# Flu Flu Arrows



## bowhunter098 (Dec 2, 2009)

What is a good way to make an effective flu flu or should I save my time and buy them??


----------



## neo71665 (Jul 26, 2007)

There was a thread on this very subject in DIY just the other day


----------



## archerm3 (Jan 4, 2007)

The way I like to do them...

Take a normal arrow that you might have, leave the fletching on if you want, I do.

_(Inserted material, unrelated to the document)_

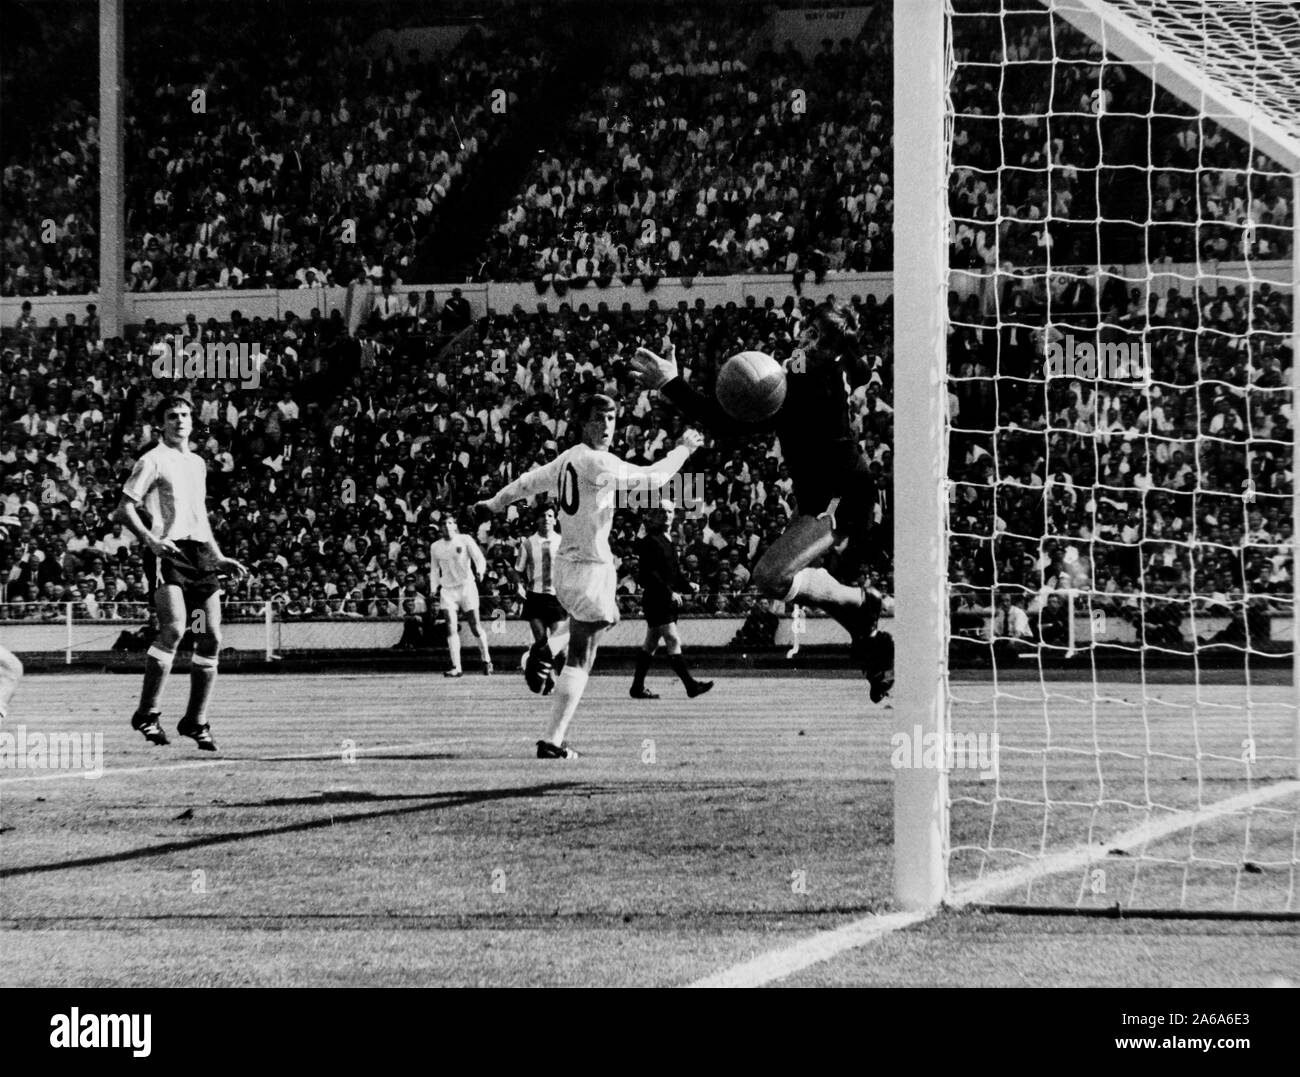 England-Argentina, Wembley, 1966 Stock Photo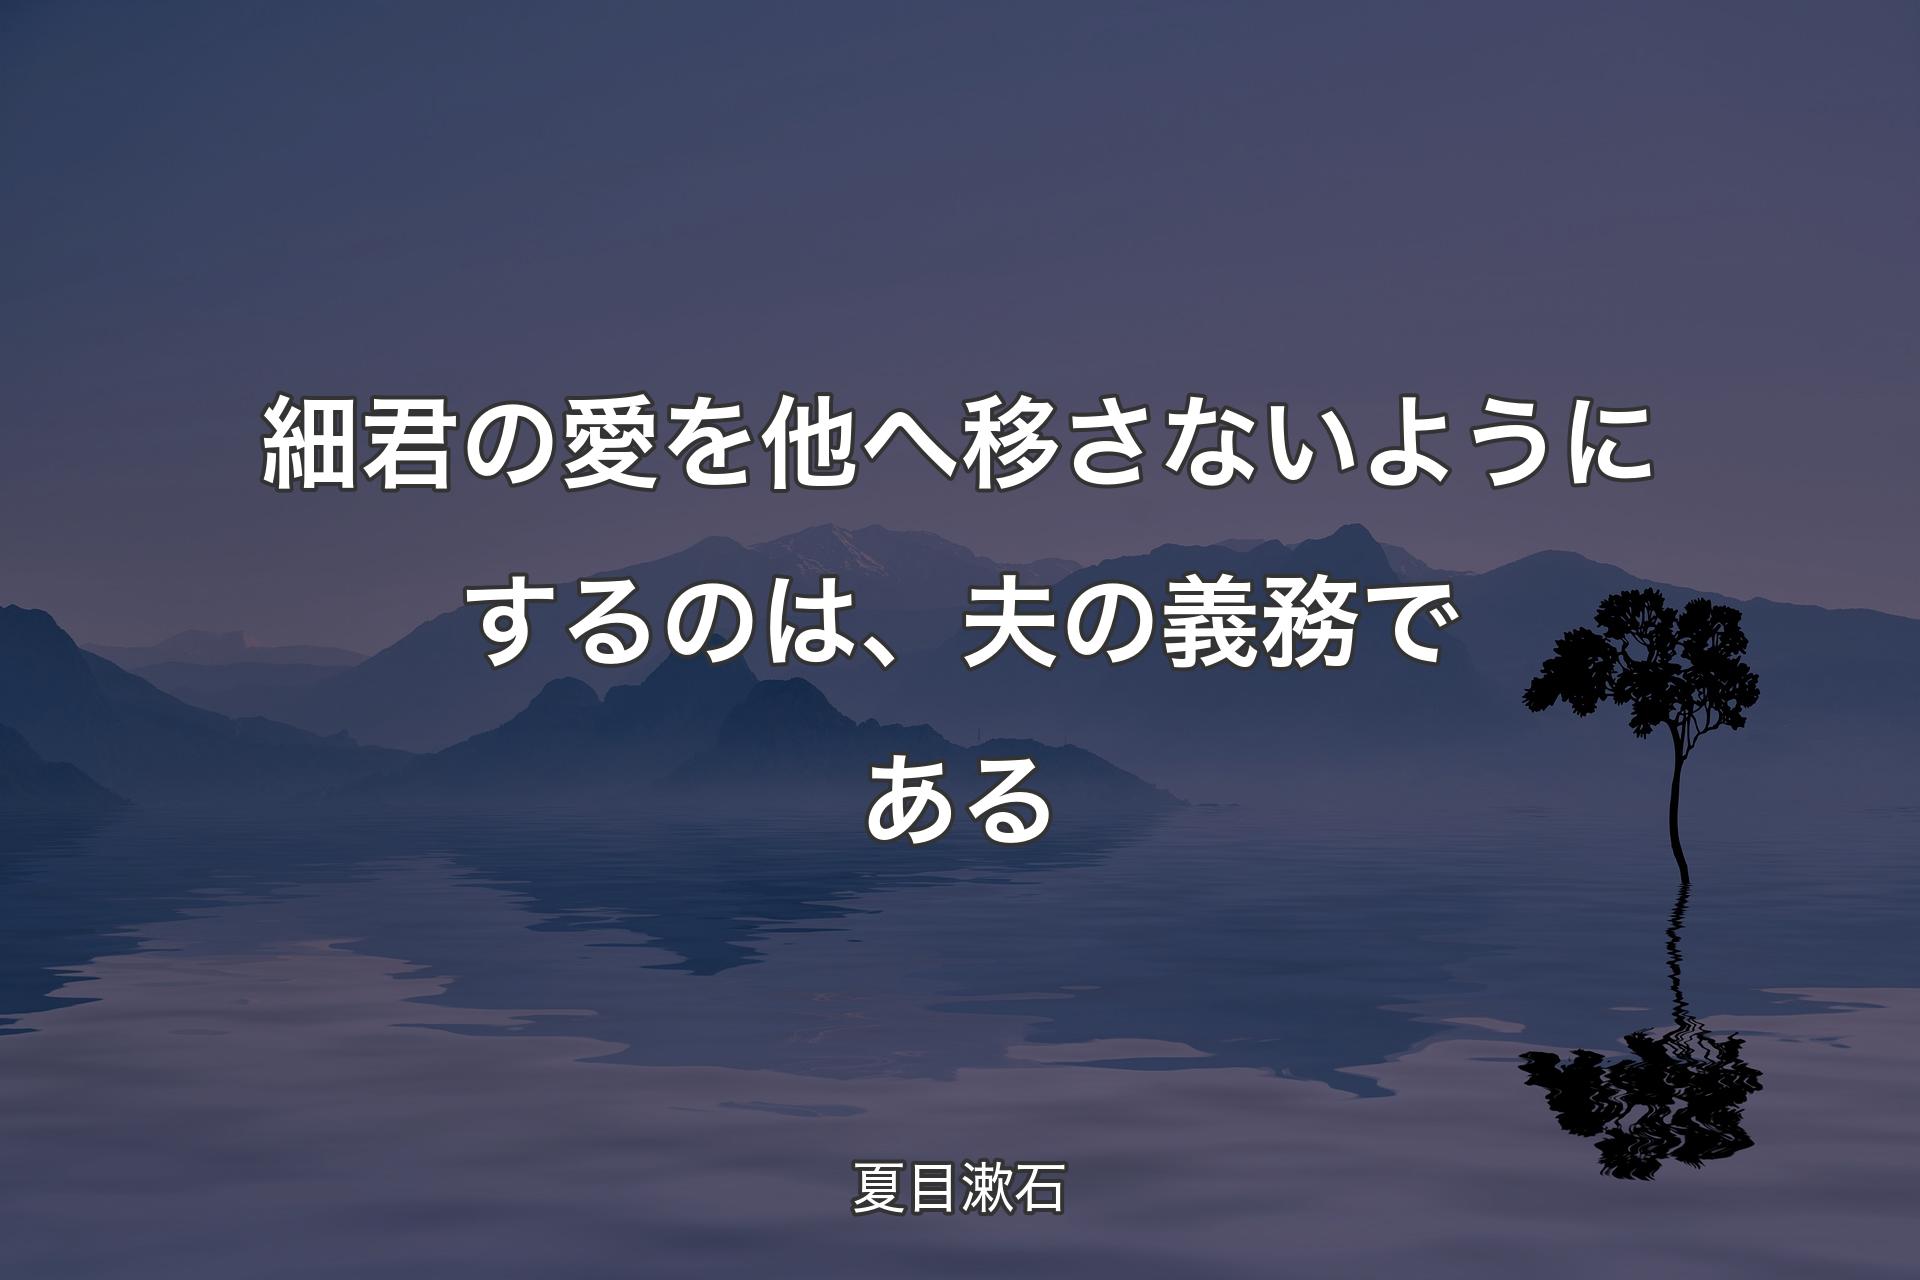 【背景4】細君の愛を他へ移さないようにするのは、夫の義務で�ある - 夏目漱石

Take a single full length feather, and wrap it around the shaft just ahead of your normal fletching. The underwing side of the feather should face forward. The quill will be stiff so work it around the shaft before you try to glue it. I use a quick setting fletching glue, I glue the start of the feather, let it dry, then put glue around the shaft for about 5/8" which should be about the distance the wrapped up feather takes. I finish off by using a clothespin to hold the back end as the glue dries. Fluff up the feathers so you have a wild mess of feather.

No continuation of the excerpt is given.